A Game Industry Promotion Act Bill intended to criminalize “boosting” was promulgated on December 24, 2018 and entered into force on June 25, 2019. The Bill bans game users from “disrupting normal gaming activity by obtaining for others scores and/or results using the methods that the game-products-related enterprise has not approved or arranging such transactions as part of one’s vocation” and punishes such acts by imprisonment for not more than two years, or a fine of not more than twenty million won.
The criminalization of game boosting sets a dangerous precedent where criminalization intrudes into the private lives of citizens, and infringes the right to free speech. As such, the Game Industry Promotion Act Bill must be repealed.

Criminal prosecutions for violations of Terms of Use dangerously expands the state’s punitive powers. 

The state’s intrusion into private contractual relations between the companies and people should be restrained.  Modern living is inseparable from Terms of Use.  We scroll down and click “yes” to many Terms of use, using many devices, apps, and coins.  Not many of us actually read them  or expect to be criminally punished for not abiding by them.  Facebook’s Terms of Use requires us to use the names we use in our ordinary lives or to provide accurate information.  So, people using nicknames or not updating their marital status promptly will be criminally prosecuted under the anti-boosting law’s logic.

Excessive restriction on anonymous speech

The anti-boosting law infringes on the right to anonymous speech.

Online gaming consists of speeches between gamers.  Korean constitution recognizes at least game itself as protected expression of game producers (99 Hunba 17, also Brown v. Entertainment Merchants Association, 564 US 786 (2011)).  In accordance with another Constitutional Court decision (2008 Hunma 324) that accept all media of expression as protected, gaming should be protected like the right to read books or watch movies.

Then, Korean constitutional court also recognized right to online anonymous communication and struck down the Internet real name law applicable to writing online (2008 Hunma 324).  In this case, the anti-boosting law effectively bans using another person’s gaming profile because all Korean games require use of real names through Terms of Use, and therefore restricts right to gaming under another name.  Anonymous gaming and pseudonymous gaming may be slightly different but in constitutional analysis they are equivalent in that they do not create any clear harm that justifies restriction.

Ineffective and excessive restriction on occupational freedom  

In the Internet real name decision, the Constitutional Court focused on the global nature of the Internet in that people not preferring to write online using real names will simply migrate to other platforms hosted in overseas servers, and that the government goal of tracking down illegal content through the real name law will just not be served by the law.  Similarly, in China, “game boosting” is a vigorous business which can easily absorb any demand now unmet by the new Korean law.  Also, good gaming skills are legitimate skills, and there is no clear reason why using those skills to make money should be banned.

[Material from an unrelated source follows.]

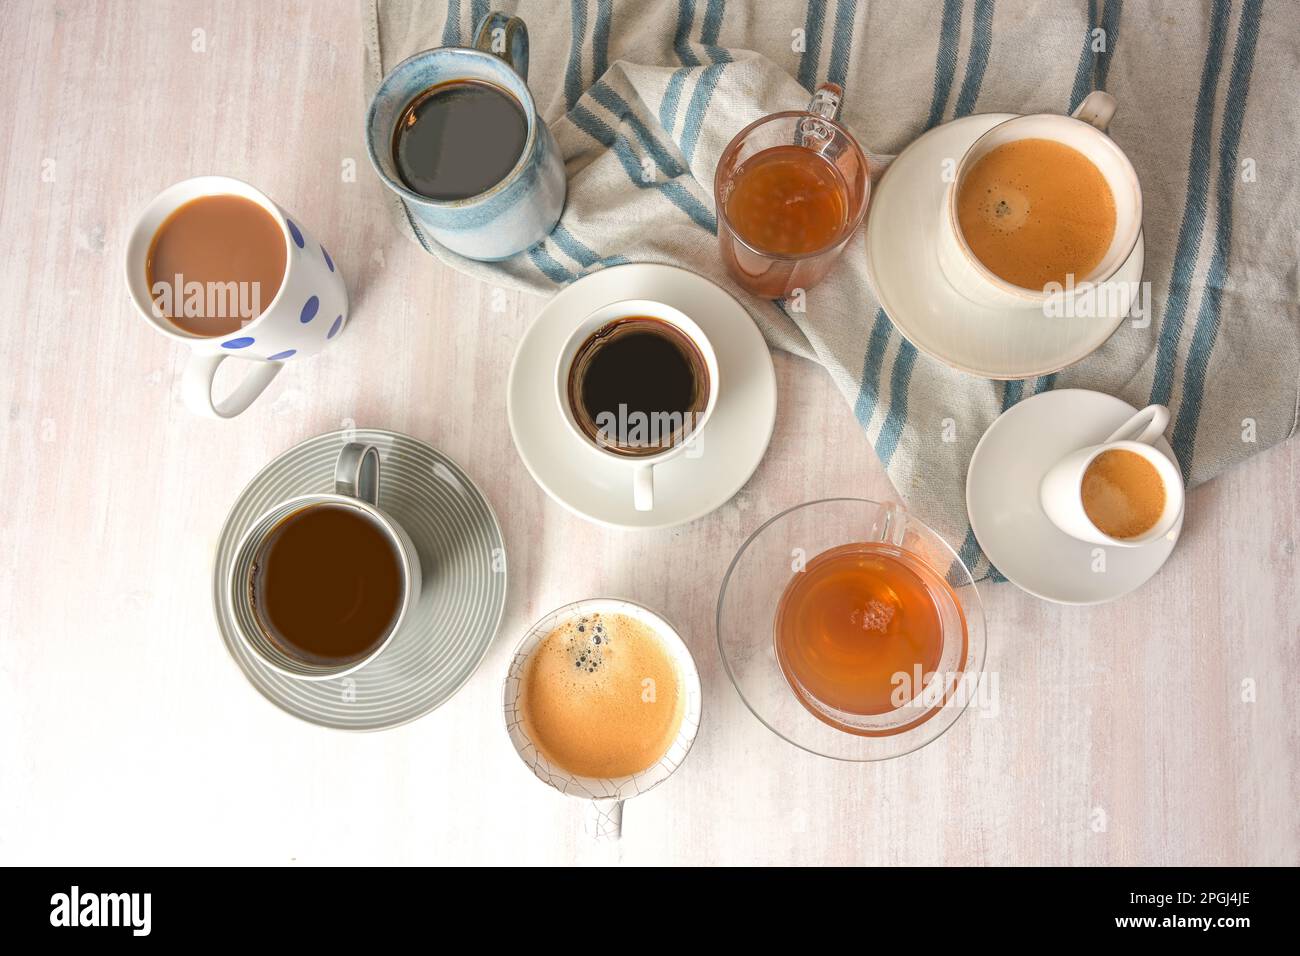 Diverse tazze e tazze con caffè e tè bevande su un tavolo leggero con un asciugamano grigio blu, vista dall'alto ad angolo alto, messa a fuoco selezionata, stretto Foto Stock
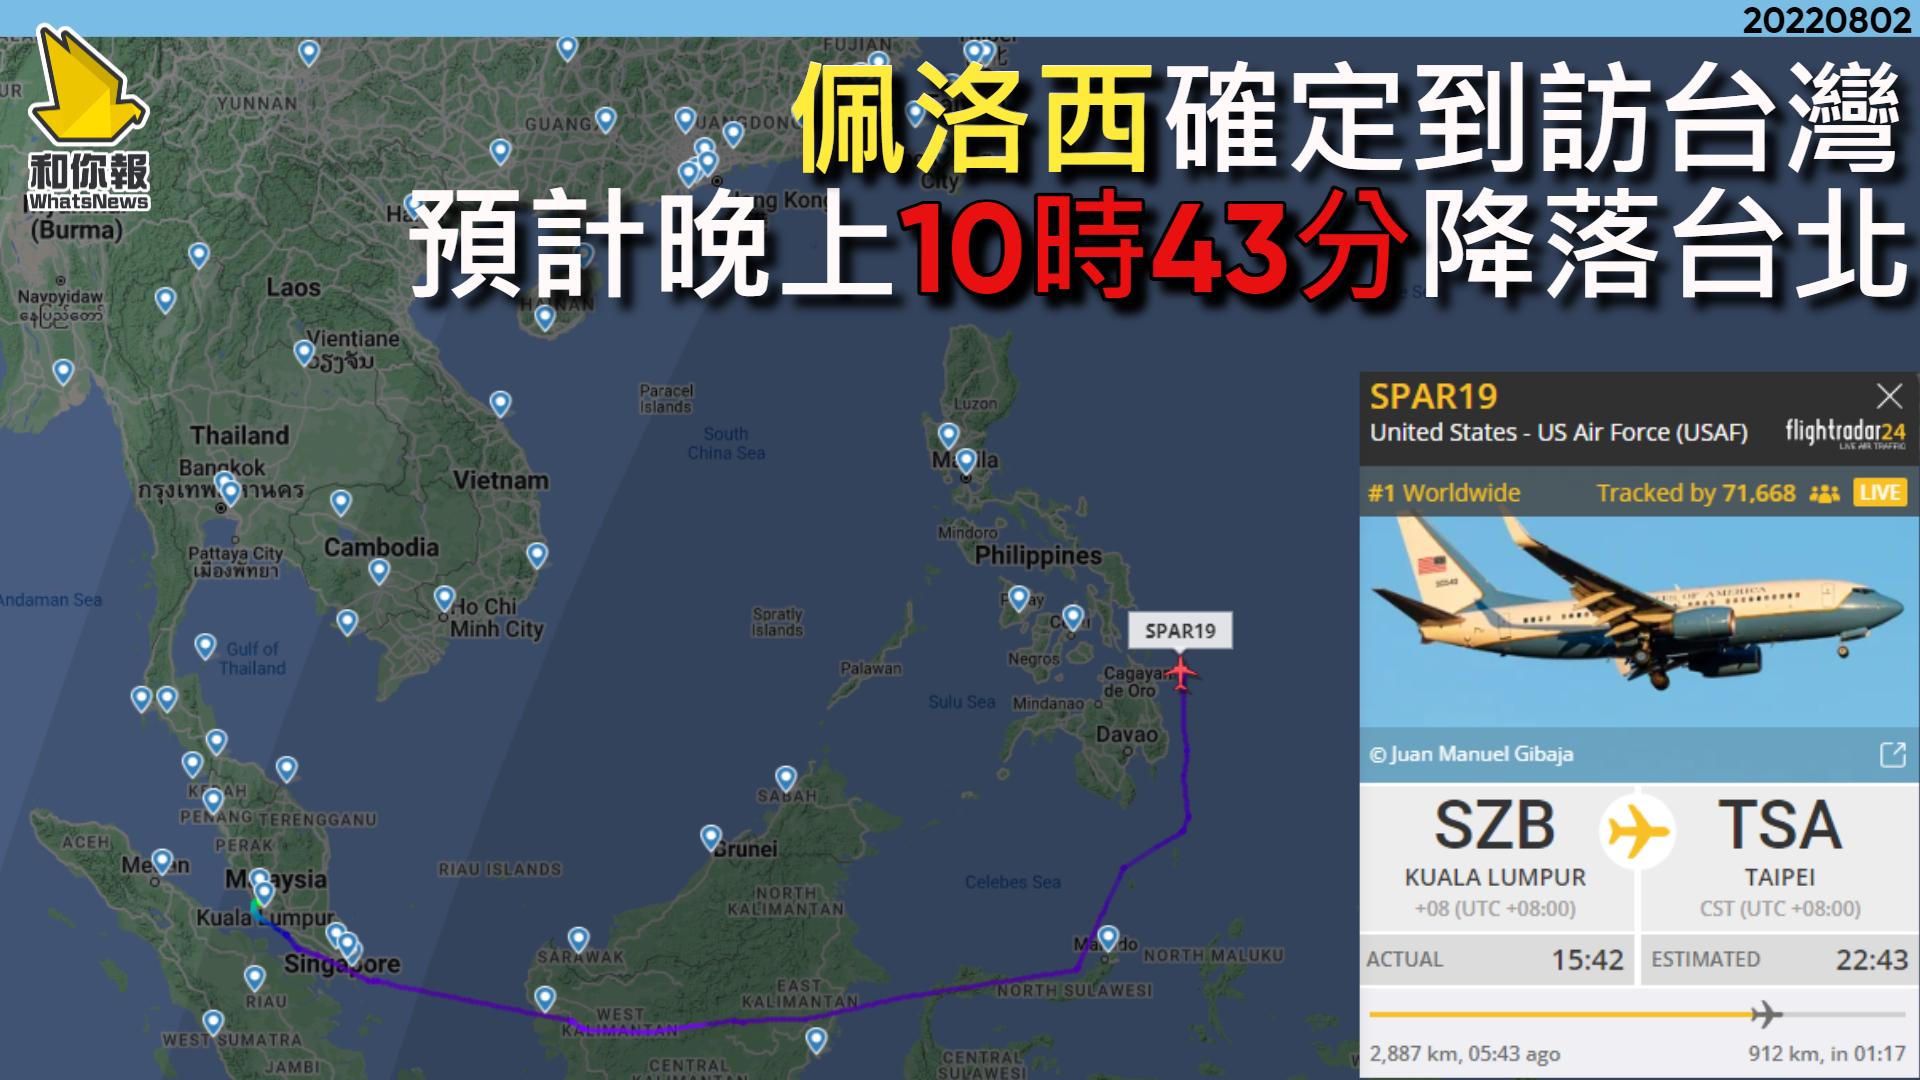 佩洛西確定到訪台灣　預計晚上10時43分降落台北

Game operators can handle the problem by themselves

Game boosting is spoken of as ‘cheating’ and ‘taking fun out of the game’.  Some people feel that way when their rankings fall due to the beneficiaries of boosting but others take a more casual approach to their rankings.  Also, whoever is boosted by definition will fall in ranking since he or she will be playing not at par with the level he or she is boosted into.  Depending on their business models, game operators themselves can take a spectrum of measures of different austerity to stamp out “boosters” if they really want to, using detection algorithms.  Or they can even file civil suits against the users not using their own profiles.  The anti-boosting law is not the least restrictive method to prevent the harm that it aims at preventing.

In conclusion, the anti-boosting law is unconstitutional.